Safer Saws–todayistheday

Grab bag of Claims

4A) Consumer product safety Commission

4B) “Each year, more than 67,000 workers and do-it-yourselfers are injured by table saws, according to the consumer product safety commission, resulting in more than 33,000 emergency room visits and 4,000 amputations.”

4C) Factual claim because it offers statistics on how many individuals are injured by table saws .

4D) The accuracy seems intact because they take exact injury statistics. The quality is good because it is coming from a safety commission, which gives the facts an enhanced trust.  It’s hard to dispute the reasonableness of facts because only the truth is offered; although it could be twisted.  Logic is emplace when relaying facts. This claim does its job at being persuasive.  It makes the viewer consider the number of injuries and realize the number of those hurt is alarming.

4E) I agree with this claim because I don’t have any evidence to dispute it.  I have no reason not to trust the facts that they provide in their claim.

Table Saw Injury Lawyer

6A) The Schmidt Firm, personal injury lawyers.

6B) Manufactures should face lawsuits because thousands of people are injured because they refuse to install Sawsafe technology.

6C) Opinion claim, because they state manufactures are at fault for injuries.

6D) Since it is an opinion claim it is hard to look at for accuracy since it is more fueled on feeling.  The quality of this opinion is shady because it is coming from lawyers who will make money if injured persons believe manufactures are at fault. The persuasiveness is moderate, it does hook you in but it doesn’t exactly justify.  But original claims don’t have to explain or justify just yet.

6E) I agree with the claim although it is opinion. I don’t trust it as much because it is made by lawyers trying to convince people to sue, so in turn they can make money as well.

Power Tool Industry

8A) salon.com as a news reporting site

8B) “The SawStop story is about an industry’s ability to resist a major safety advance that could, by now, have prevented countless disfiguring injuries, but might have been bad for business.”

8C) categorical claim, this places SawStop as good for helping people but bad at helping business.  It categorizes Sawstop for two different reasons.

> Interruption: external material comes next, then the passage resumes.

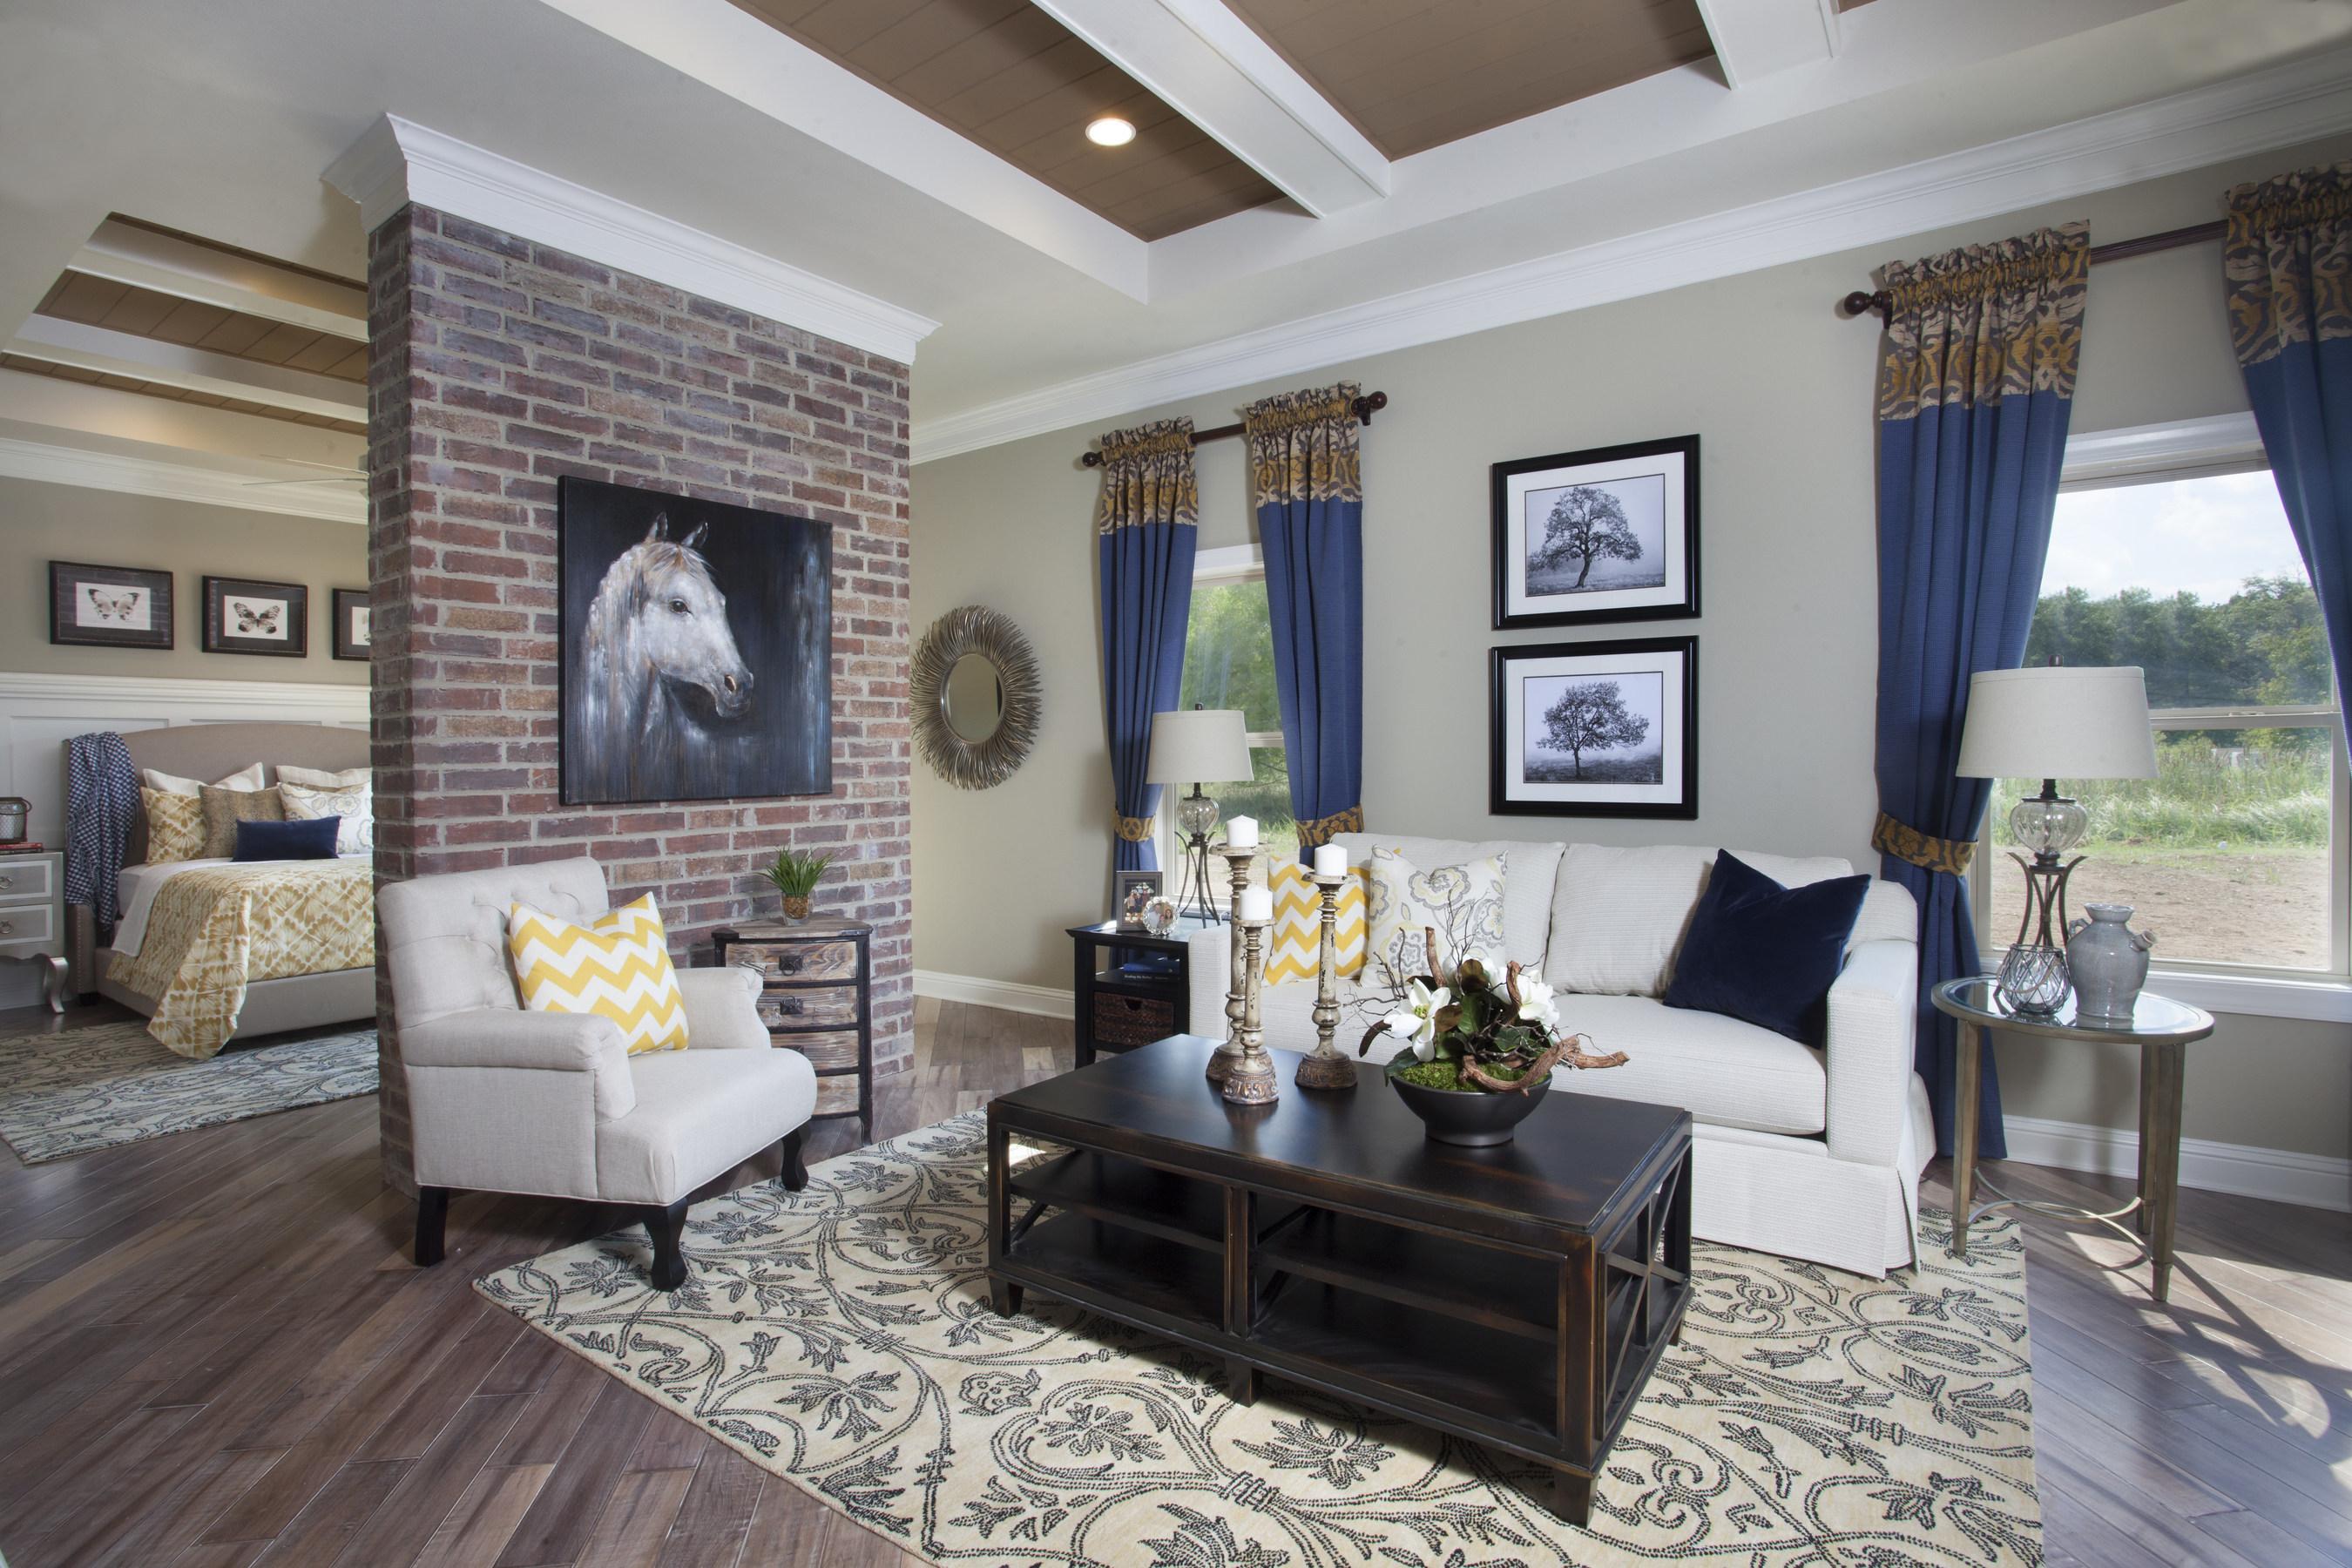 schumacher homes wins gold national award at the 2015

8D) The accuracy is based on which you analyze SawStop.  Sawstop is good for helping people but it doesn’t get the chance to do so.  Quality is based on the reaction of the viewer.  This claim makes us take a step back and realize how twisted it is; SawStop could help thousands, but it’s kicked to the curb because it won’t make the industry thousands.  The provoking  of this thought makes this claim a persuasive one, because it makes us consider which category SawStop should belong in.

8E) I agree with this claim. As awful as it might be to consider the money in SawStop, industries will lose money.  But we also categorize SawStop as good because of all the people it could help.

Power Tool Industry

11A) Tom Corbett, a four finger amputee.

11B) “He still struggles to remember all of the horrible details, but he’s haunted by the fact that four of his fingers were severed.  “I just know within a second my fingers were on the ground,” he said.”

11C) I’m not sure what claim this would be but I’m thinking evaluation.  I think this is an evaluation claim because it evaluates and describes the situation that resulted in him being an amputee. He evaluates the shock and horror of suddenly becoming an amputee.

11D) The only accuracy that we can rely on is to trust Mr.Corbett is telling the truth. We hope the author made sure he really was an amputee resulting in a table saw accident.  The logic behind this claim is to give insight into the pain that not preventing table saw accidents causes.  This in turn gives the claim good persuasive qualities.  It relies on the emotion behind an amputee’s account and what kind of emotions that would stir inside the reader.

11E) I agree with this claim, although there is no easy way to prove Mr. Corbett is a real table saw amputee. The claim does its job to persuade us that table saw accidents can devastate lives.

Defending Table Saw safety

3A) Table Saw Companies

3B) “They’ve argued that injury numbers have been inflated and that the government’s estimate of $2.36 billion in annual costs to society from table saw accidents—including medical bills, lost wages, pain and suffering—is exaggerated. ”

3C) This is an opinion claim.  Table saw companies are arguing the legitimacy of facts due to the money making factor in them.

3D) The accuracy is not present, we don’t know why they would believe this.  The injury numbers and the money lose resulting from them, was totaled.  But the power tool industry companies doubt the truth behind these numbers.  The logic can somewhat be detected, it would make sense from the industries to try and smear the facts presented to make themselves look better. The persuasiveness is also represented, the goal of any claim is to make you question.  With this claim you consider what the industries are stating.

3E) I personally think the industries are just trying to save their own behinds.  They are making claims without any thought or reasonableness behind them.  Regardless, it does make you weigh both sides.